Saturday, November 22, 2008

Healing

Today has finally arrived!

A year and a half back, Benny Hinns was holding his healing service at Singapore indoor stadium. I had wanted to go so much in the midst of under going treatment with chemo and radiation. a last minute virus attack, had my fever shot up to 41 degrees in 3 consecutive days in the hospital, and when i realised that what could be my 'only hope' was dashed by the fever, i was sent into a hopeless pit.

I remembered Nerissa and my mum and sisters were all there, that was the moment i can't hide my fear and hopelessness anymore, i broke down, and tears started to flow down my cheeks. I thought that even God has forsaken me, i was losing hope.

Looking back, maybe everything happened for a reason, thankfully i pulled through from the virus attack. The year long battle with CA can be exhaustive, i know i have come a long way, at the same time i have grown to learn more about God, i learnt to let go, and let God.

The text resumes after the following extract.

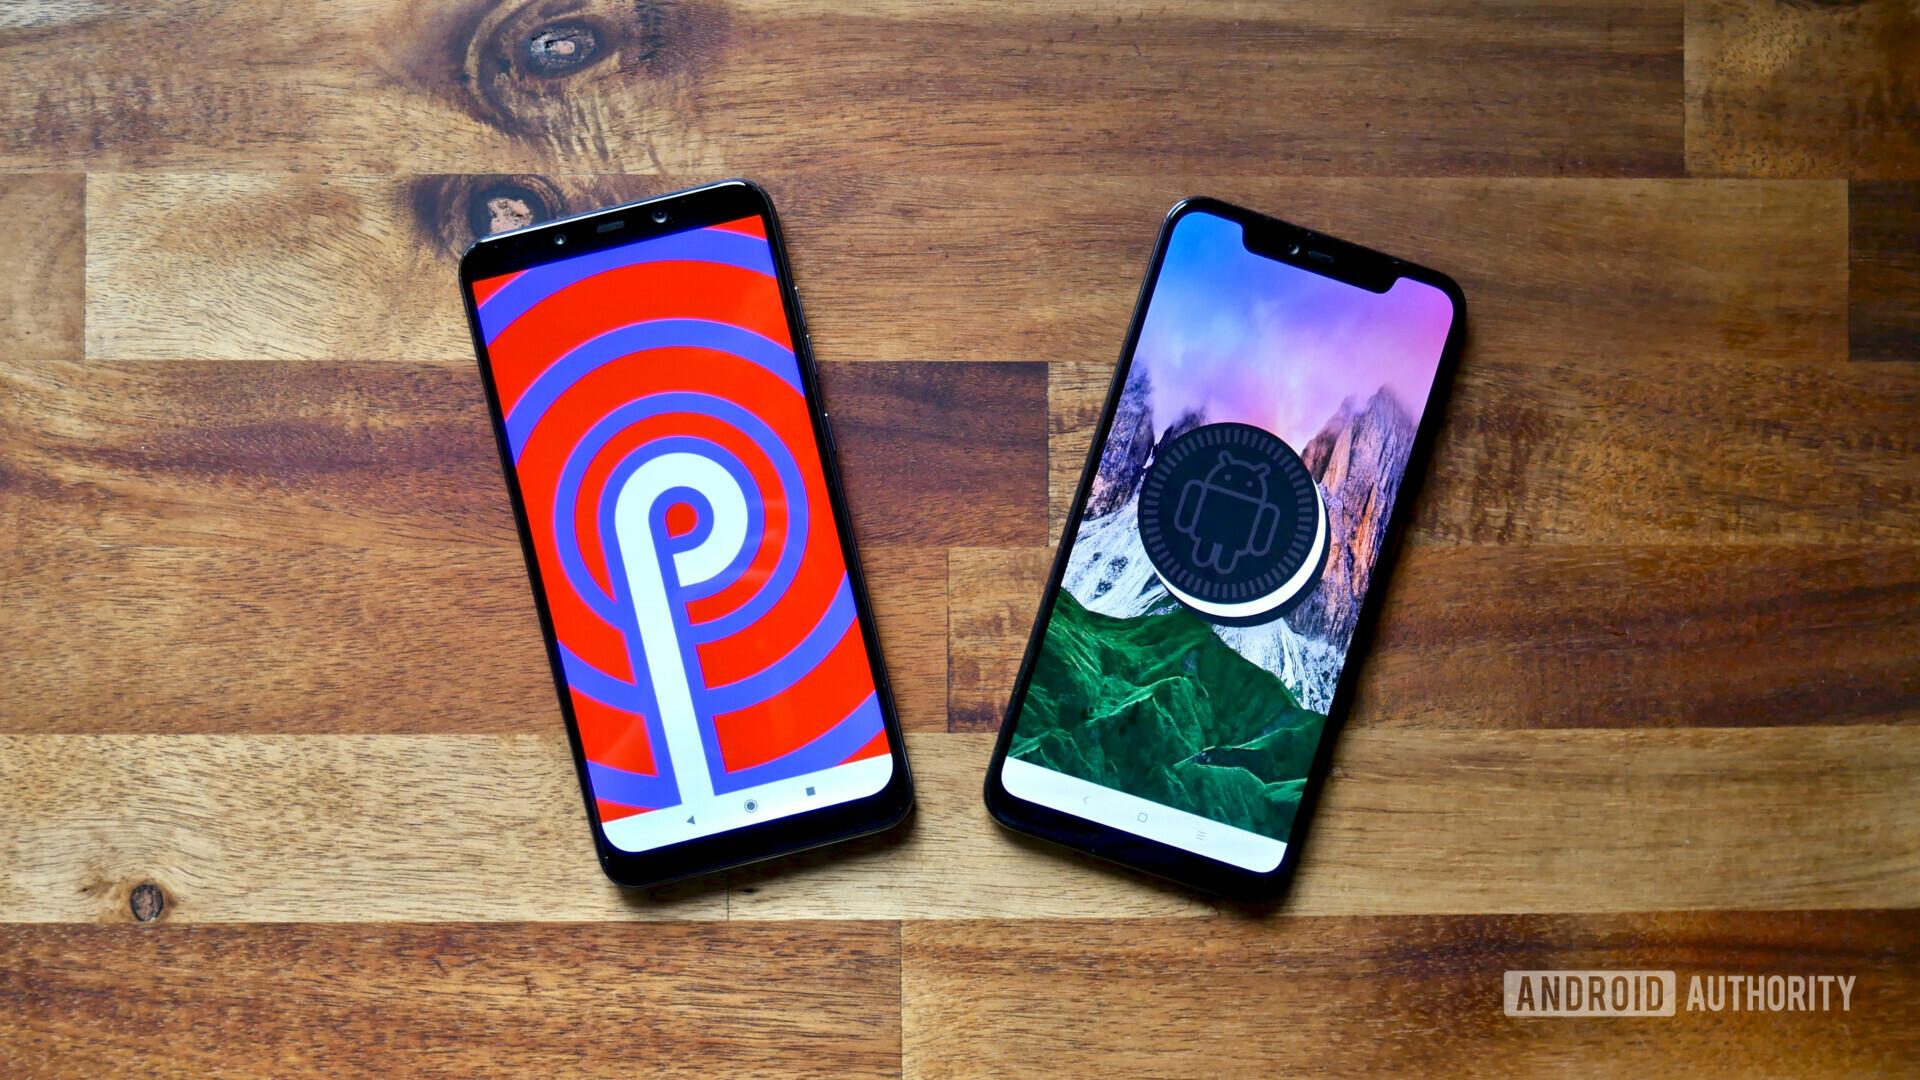 Xiaomi Mi 8 Pro vs Pocophone F1 Android
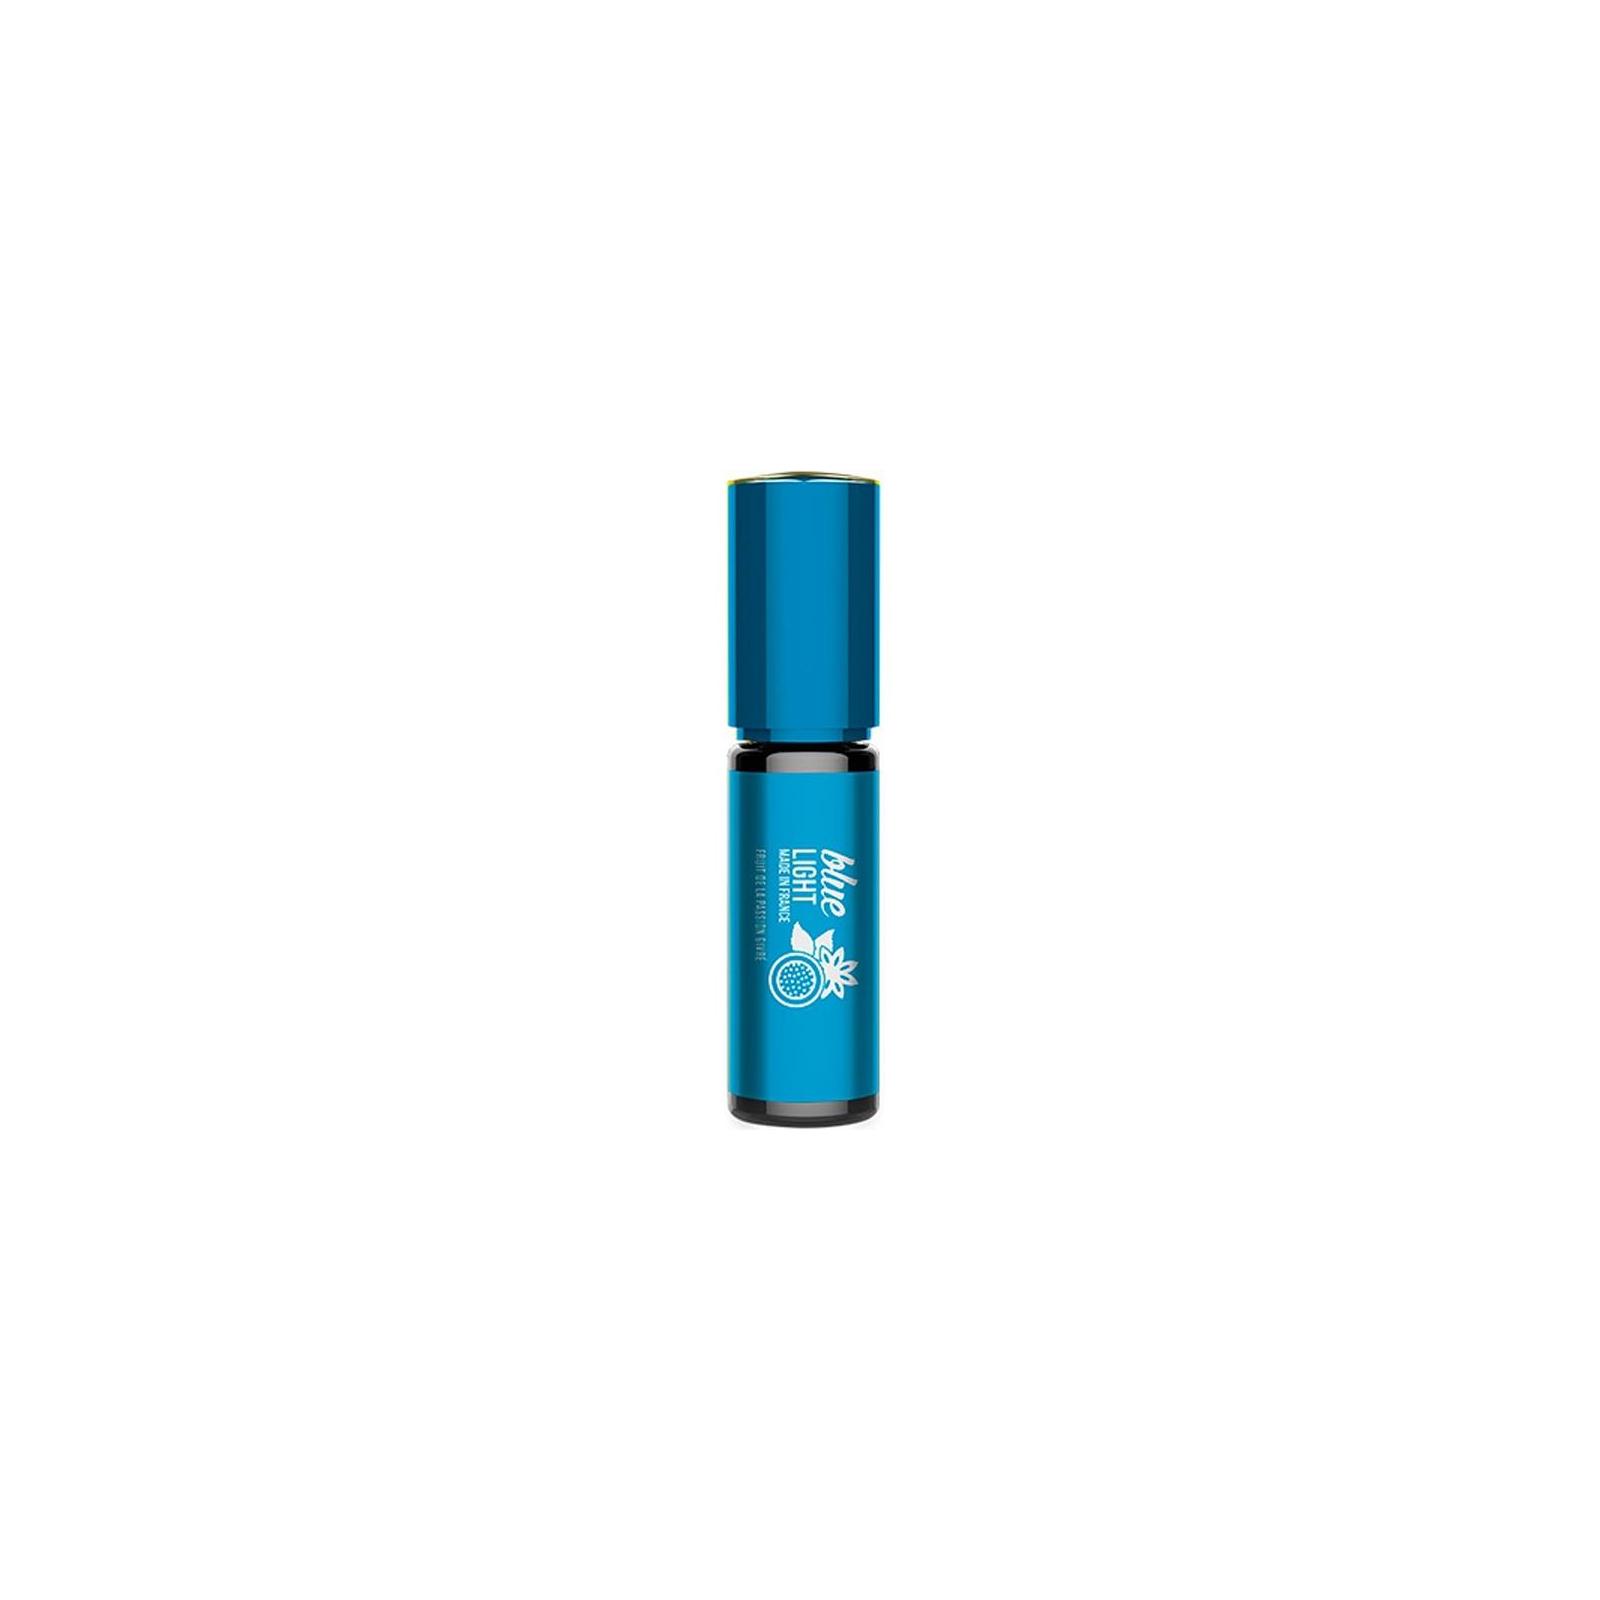 Купить фильтры для сигарет электронных одноразовые электронные сигареты пермь

The journey towards Him is still a long way, but i am just as thankful that i am finally on the right track.

Today has finally arrived, i am anticipating great things and miracles to happen, i am hopeful, and even while i am sitting here, it is already happening...

Nonetheless, the unchanging fact is that God is sovereign! Is grace! Is love! My faith is as small as a mustard seed still, but i believe and i know tonight it will explode!